Think First, Design Later

(From Malofiej20 Blog)

Germany has a long design tradition. Just having a quick look into the history of design, both the Bauhaus and the ULM Schools are still the most influential schools of design. In addition, German designers, such as Lucian Bernhard, Otl Aicher, Jan Tschichold, and Erik Spiekermann among others, have been pioneers in different areas of design throughout the xx century. Particularly in terms of information design, effective projects have been developed in this same country. A well-know example would be the design of the wayfinding system of Berlin transportation network and its diagrammatic map. However what amazes me most, it is that (well-defined) information design examples could be found all around the country. Today I would like to share a lovely map I encountered last week in Berlin in my way to Weimar.

I had quite a long journey ahead when I left London that morning: first I had to fly to Berlin, then get the bus to Berlin and finally take two trains to Weimar. So, once I got to Berlin Hauptbahnhof (central train station), I went to double-check that I was in the correct station (you never know!), and then look for the appropriate platform. While waiting for my train, a group of posters next to me caught my attention. From the distance, they seemed to be timetables, but one of them in particular had a complex and too colourful layout to be displaying only textual information. So, I went to check it out. On closer inspection, I realised that that poster wasn’t (only) a timetable but a floor map of the ground-floor platforms.

Timetable of arriving and departing trains from Berlin main train station (Berlin, 2011)

Zoom-in of the timetable-map (Berlin, 2011)
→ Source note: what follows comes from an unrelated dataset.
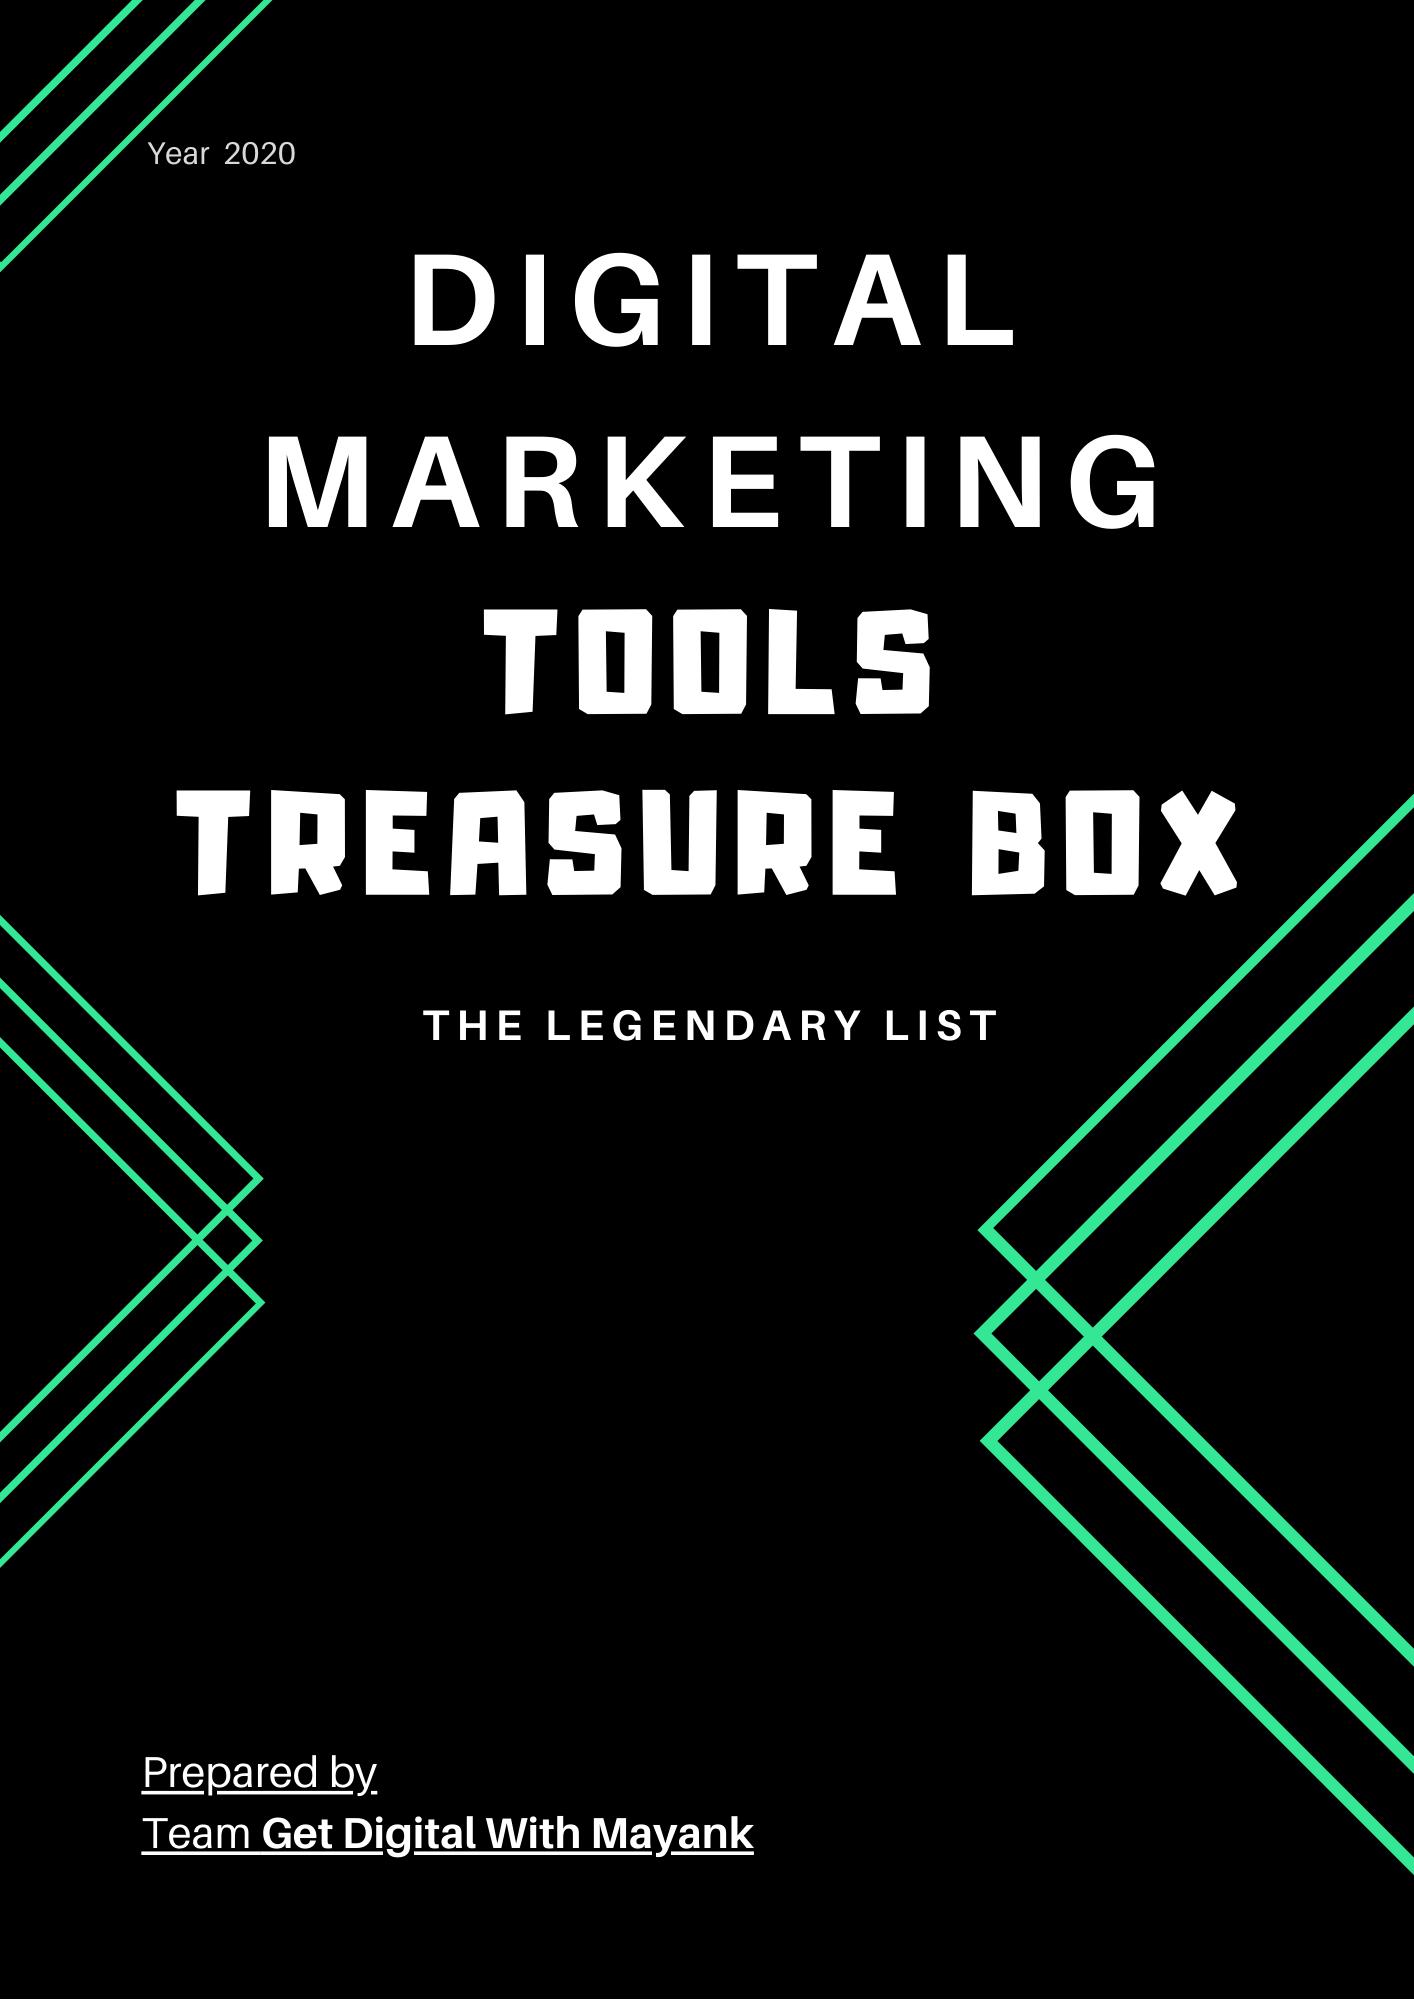 Legendary Digital Marketing Tools list - Get Digital With Mayank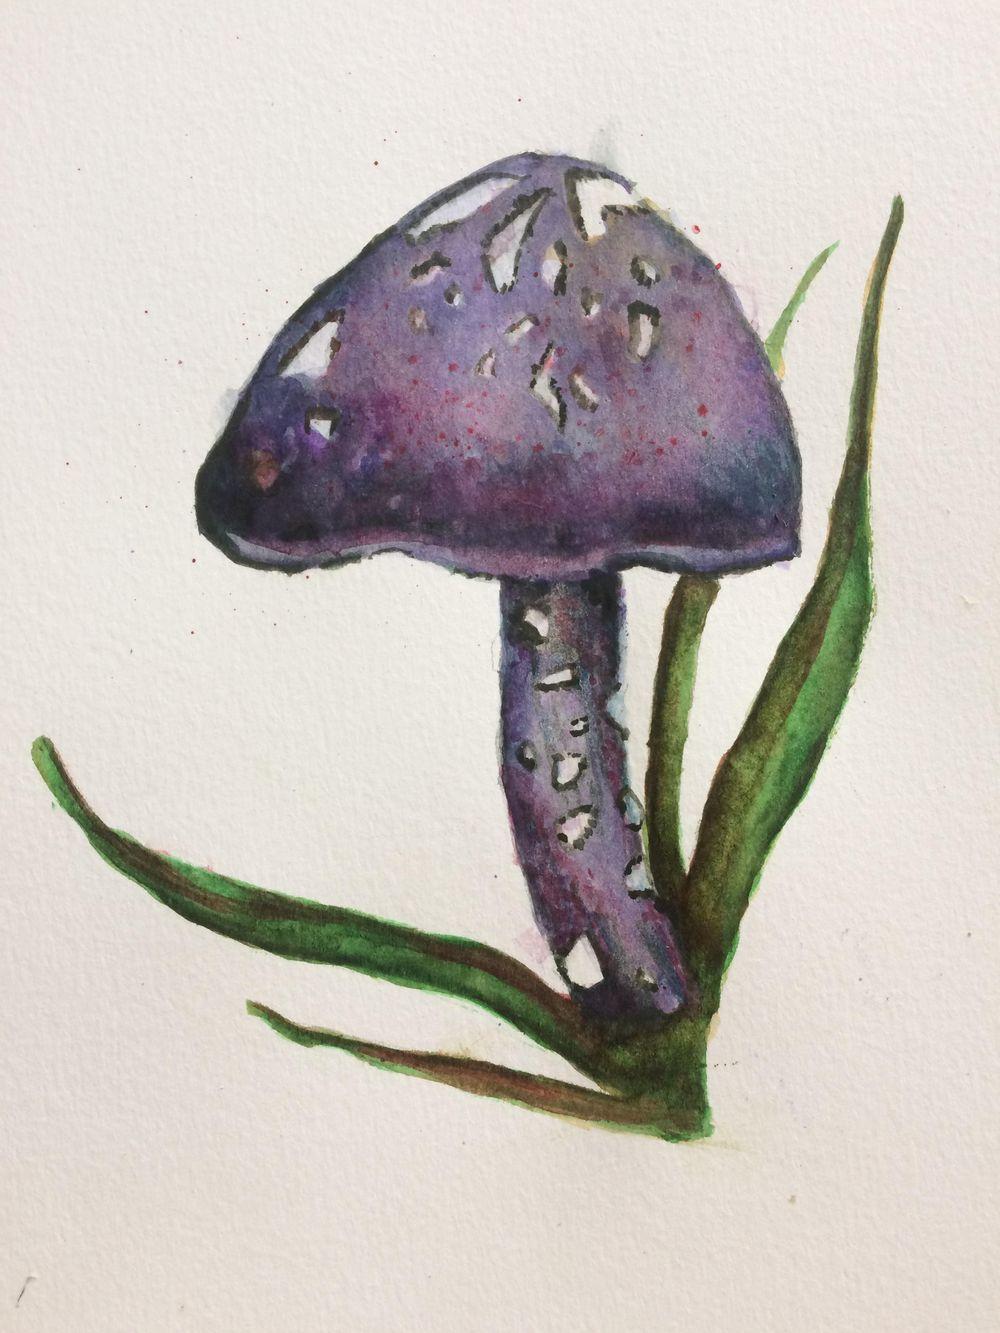 Watercolor mushroom - image 1 - student project

So, let’s have a proper look to this floor map. First, the map shows departure and arrival times and destinations, route numbers, and directions of each train which gets into this level of the station (Berlin Hauptbahnhof has four floors). After this, the quantity of carriages of each train, and where in the platform each train will stop can also be seen in the map. At the same time, each carriage is colour-coded according to its class and function, e.g. green for second class, yellow for first class, and red for the restaurant carriage. This is complemented with a series of icons, which indicates the facilities of each carriage, e.g. WC, seats for less-able travellers, information spots. Each platform is divided in zones: A, B, C and D, and, of course, these zones are marked in the map. Finally, a red circle points out the zone where you are standing in the platform. Four of these posters are located along each platform, one per zone to help travellers to easily find their seats. On the bottom part of the map, a reference box explains each of the icons, colours, and acronyms that have been used to code the information.

In short, what makes this map to be extremely interesting for me is that it visualises a great amount of information organised into a cohesive whole, creating a clear layout. To be able to achieve this level of visual clarity, it is necessary to have a complete understanding of the content that will be used to create the infographic or information design project, before start designing.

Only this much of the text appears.